ED51D-3456:
Incorporating Cutting Edge Scientific Results from the Margins-Geoprisms Program into the Undergraduate Curriculum: The Subduction Factory

Friday, 19 December 2014
Sarah Penniston-Dorland, University of Maryland College Park, Dept. Geology, College Park, MD, United States, Robert J Stern, Univ Texas Dallas, Richardson, TX, United States, Benjamin R Edwards, Dickinson College, Carlisle, PA, United States and Christopher R Kincaid, University of Rhode Island, Kingston, RI, United States
Abstract:
The NSF-MARGINS Program funded a decade of research on continental margin processes.

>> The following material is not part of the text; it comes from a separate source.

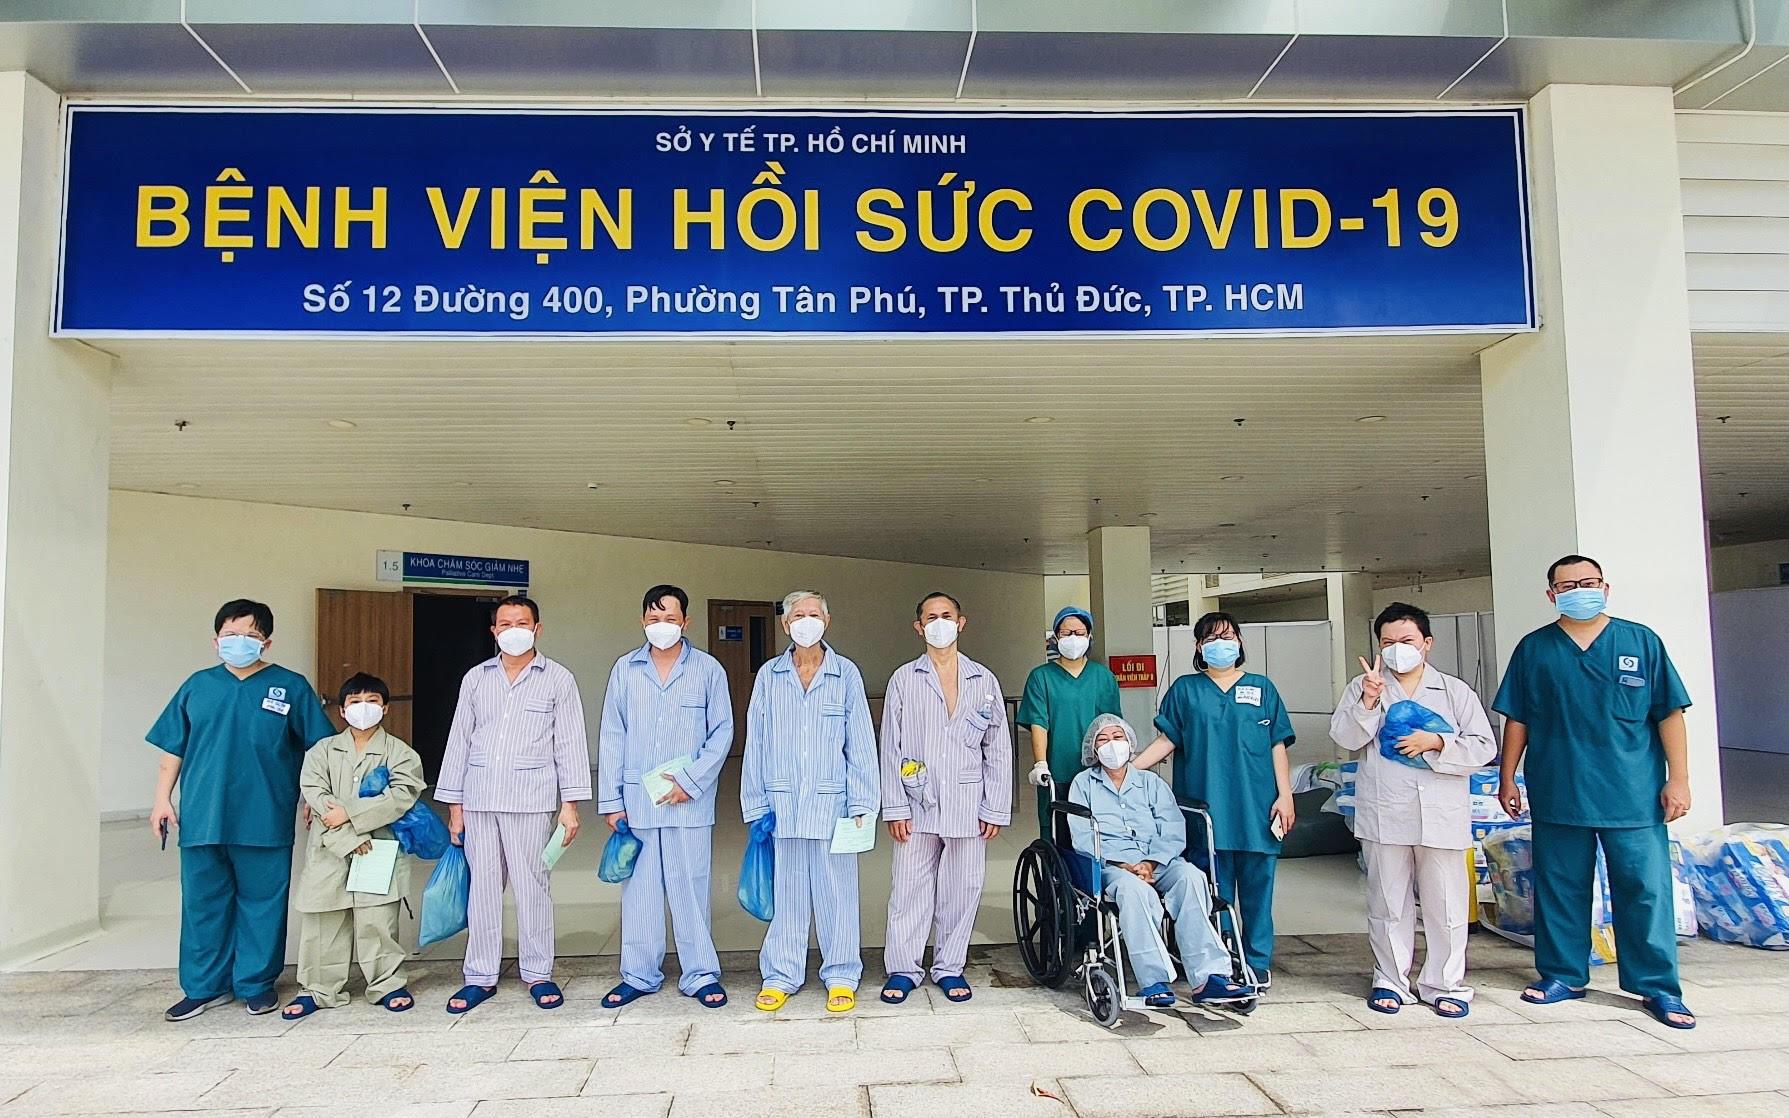 Bệnh viện hồi sức Covid-19 TP.HCM: 10 bệnh nhân nặng được xuất viện

The NSF-GeoPRISMS Mini-lesson Project, funded by NSF-TUES, is designed to integrate fundamental results from the MARGINS program into open-source college-level curriculum. Three Subduction Factory (SubFac) mini-lessons were developed as part of this project. These include hands-on examinations of data sets representing 3 key components of the subduction zone system: 1) Heat transfer in the subducted slab; 2) Metamorphic processes happening at the plate interface; and 3) Typical magmatic products of arc systems above subduction zones.

Module 1: “Slab Temperatures Control Melting in Subduction Zones, What Controls Slab Temperature?” allows students to work in groups using beads rolling down slopes as an analog for the mathematics of heat flow. Using this hands-on, exploration-based approach, students develop an intuition for the mathematics of heatflow and learn about heat conduction and advection in the subduction zone environment.

Module 2: “Subduction zone metamorphism” introduces students to the metamorphic rocks that form as the subducted slab descends and the mineral reactions that characterize subduction-related metamorphism. This module includes a suite of metamorphic rocks available for instructors to use in a lab, and exercises in which students compare pressure-temperature estimates obtained from metamorphic rocks to predictions from thermal models.

Module 3: “Central American Arc Volcanoes, Petrology and Geochemistry” introduces students to basic concepts in igneous petrology using the Central American volcanic arc, a MARGINS Subduction Factory focus site, as an example. The module relates data from two different volcanoes – basaltic Cerro Negro (Nicaragua) and andesitic Ilopango (El Salvador) including hand sample observations and major element geochemistry – to explore processes of mantle and crustal melting and differentiation in arc volcanism.